My Scotland
My ideal Scotland is an independent state. My Scotland is a republic, free of the monarchy and the aristocracy it supports.
My Scotland is a parliamentary democracy with a constitution that hardwires ideals of equality and social justice into the way the country operates. My Scotland is a country where the bastions of privilege and inequality—the private schools, the large country estates, the obscene salaries and bonuses of corporate bosses—have been dismantled and the proceeds made available to the people. My Scotland is clean, green and no longer a fighting machine. No nuclear weapons, no foreign adventures (e.g. Iraq, Afghanistan) except as part of UN peacekeeping. The Irish Army is the model. My Scotland utilises its abundant natural resources—sun, wind, water and tides—to create renewable energy and wind down its dependence on fossil fuels. My Scotland—well, I think you get the picture.
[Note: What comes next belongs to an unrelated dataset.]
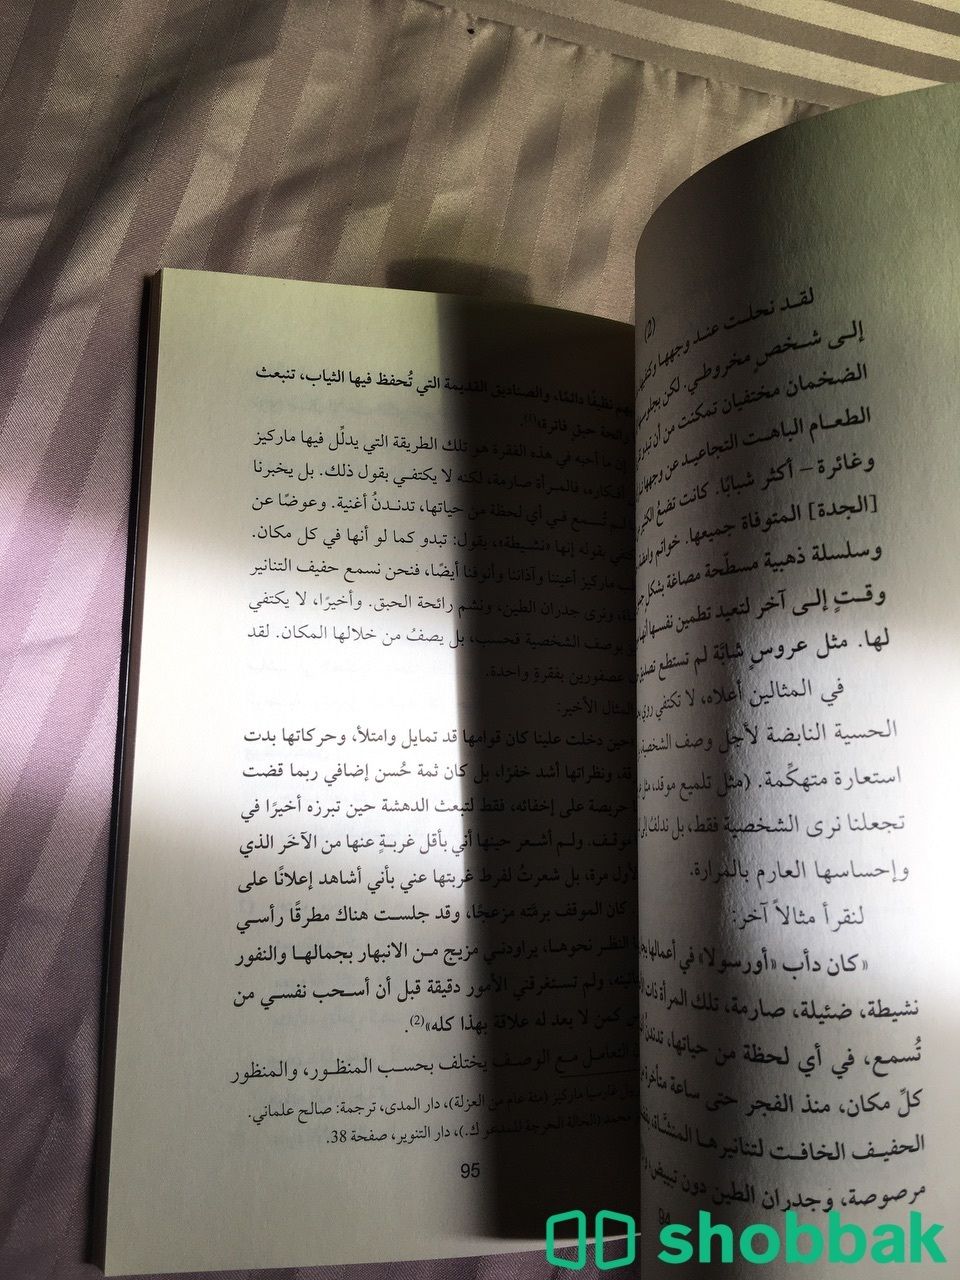 كتاب تعليمي Shobbak Saudi Arabia
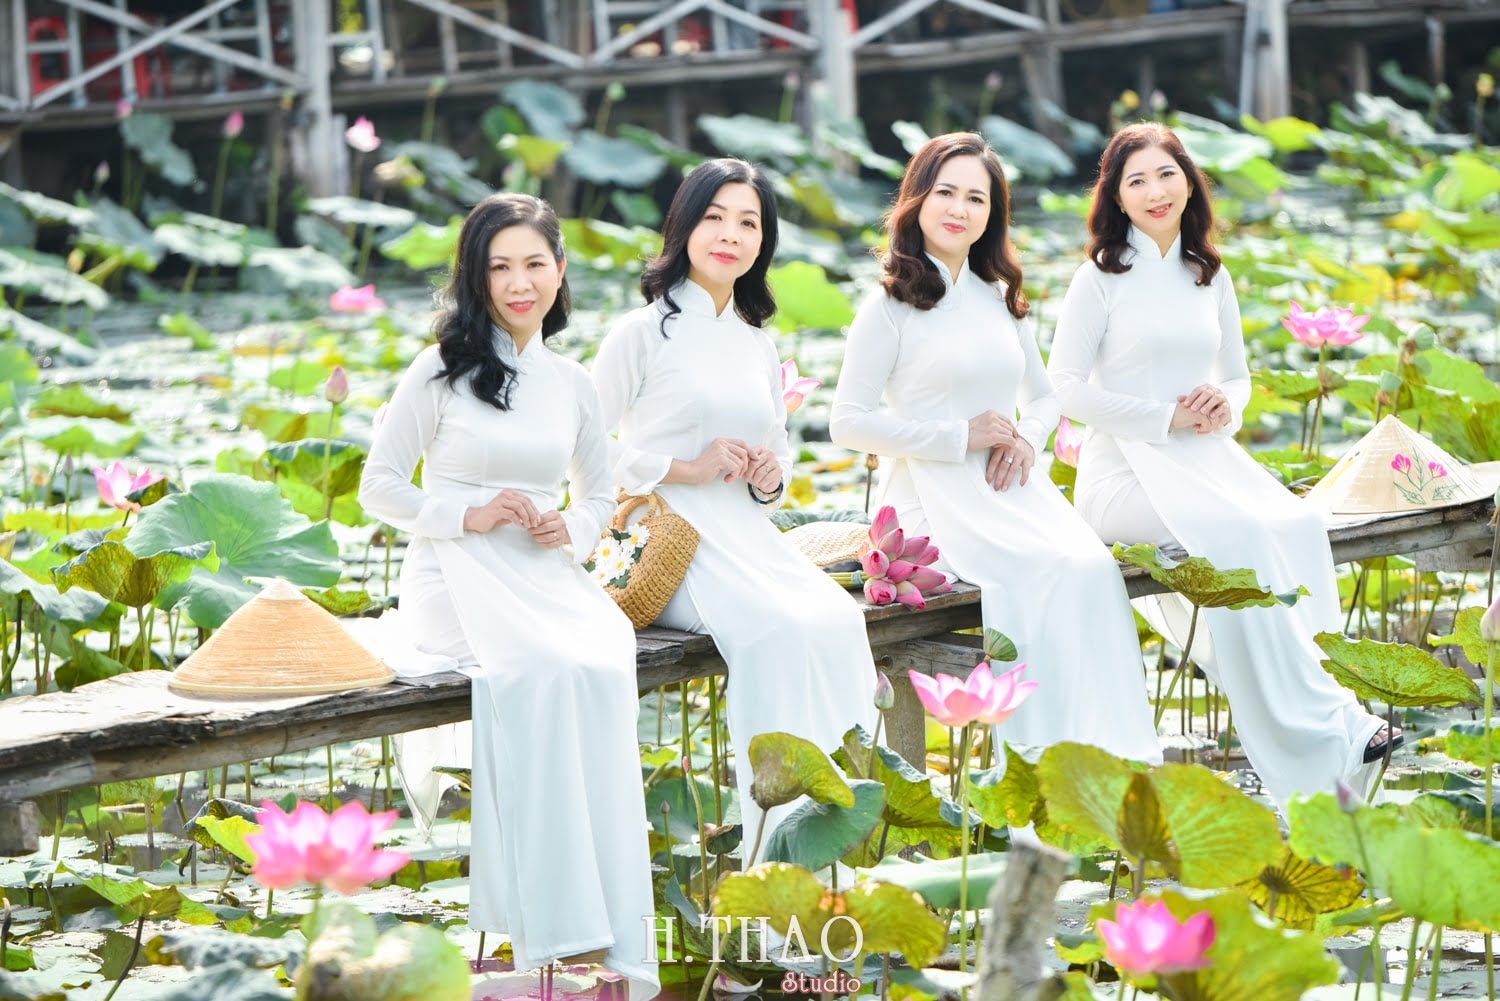 Anh Hoa sen 19 min - Chùm ảnh áo dài nhóm chụp tết năm 2019 - HThao Studio

In the Scottish version of an old joke, a visitor to a Highland village stops a local and asks, ‘How do I get to Aberdeen from here?’ The local ponders a moment, then answers, ‘Och, if I were going to Aberdeen, I wouldna start from here!’
Indeed, to get to my ideal Scotland, you wouldn’t start from here.
And yet, and yet … the 2014 independence referendum, while delivering a No result, prompted an upsurge of community organisation and an engagement in political discussion not seen since the dark days of Thatcherism. Why, when it seemed like Yes might surge over the line, even the London-based press got interested for a wee while.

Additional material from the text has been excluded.